Tutorial | MLlib with Dataiku¶
This content is also included in a free Dataiku Academy course Using MLlib. Register for the course there if you’d like to track and validate your progress alongside concept videos, text summaries, hands-on tutorials, and quizzes.
Apache Spark comes with a built-in module called MLlib, which aims at creating and training machine learning models at scale.
Dataiku DSS makes it easy to use MLlib without coding, using it at an optional backend engine for creating Models directly from within its interface.
You have access to an instance of Dataiku, with Spark enabled, and a working installation of Spark, version 1.4+ (the more recent the version, the better, as the MLlib API is evolving quickly).
We use here the usual Titanic dataset, available for instance from the corresponding Kaggle’s competition. Start with downloading the files, and create the two train and test datasets.
Training an MLlib model¶
Double-click on your train dataset, and create a new Analysis using the green button at the top right. From the Survived column header, click on Create Prediction model…:
This is the important part. In the new modal window, in the ML Backend drop-menu menu, select a Spark configuration (we’ll use the default here):
Create the model. You are taken to a screen telling when the Model is ready to be trained. Do not train the model, but instead click on Settings:
Under the Algorithms section, activate Random Forests:
Click on Train, and wait for your task to complete.
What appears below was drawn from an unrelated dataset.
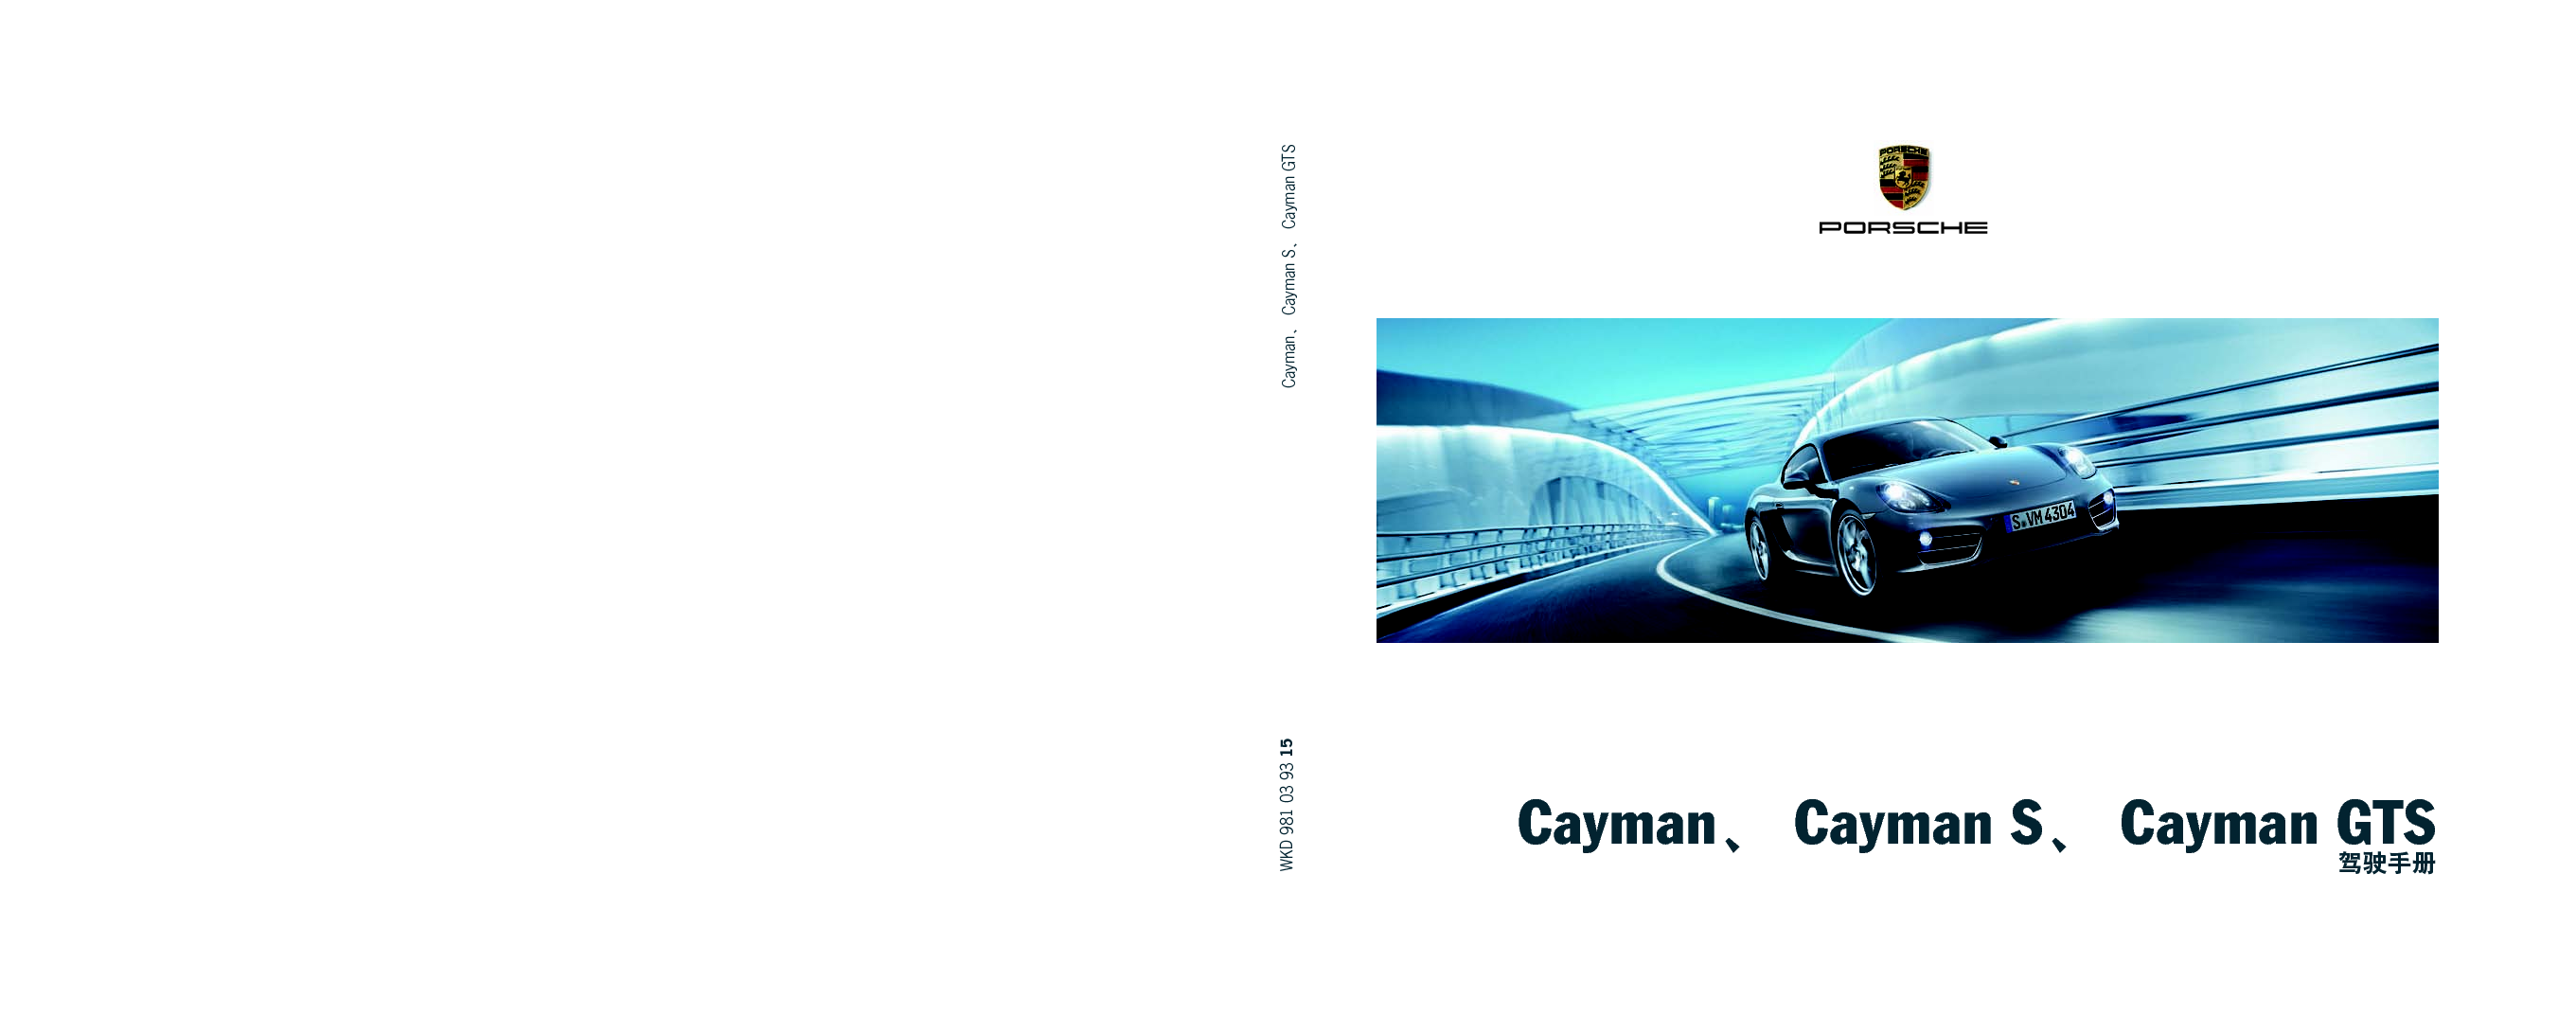 保时捷 Porsche Cayman 08/2014 使用说明书 封面

Once done, the summary results screen appears:
Your models are now trained. They are ready to be deployed to automate their use to score new records
Using an MLlib model¶
The Random Forests offer the best performance. Click on it, and from the top right, select DEPLOY:
You are taken to the Flow screen. From the last green Prediction icon, select Apply and create a scoring recipe that will be used to score the test set:
Your flow is now complete:
You’ll just need to actually build the dataset to get the predictions!
Using MLlib in Dataiku can now be done entirely from the interface, without having to write complex code. This opens up great opportunities as more and more people will be able to leverage Spark to analyze data.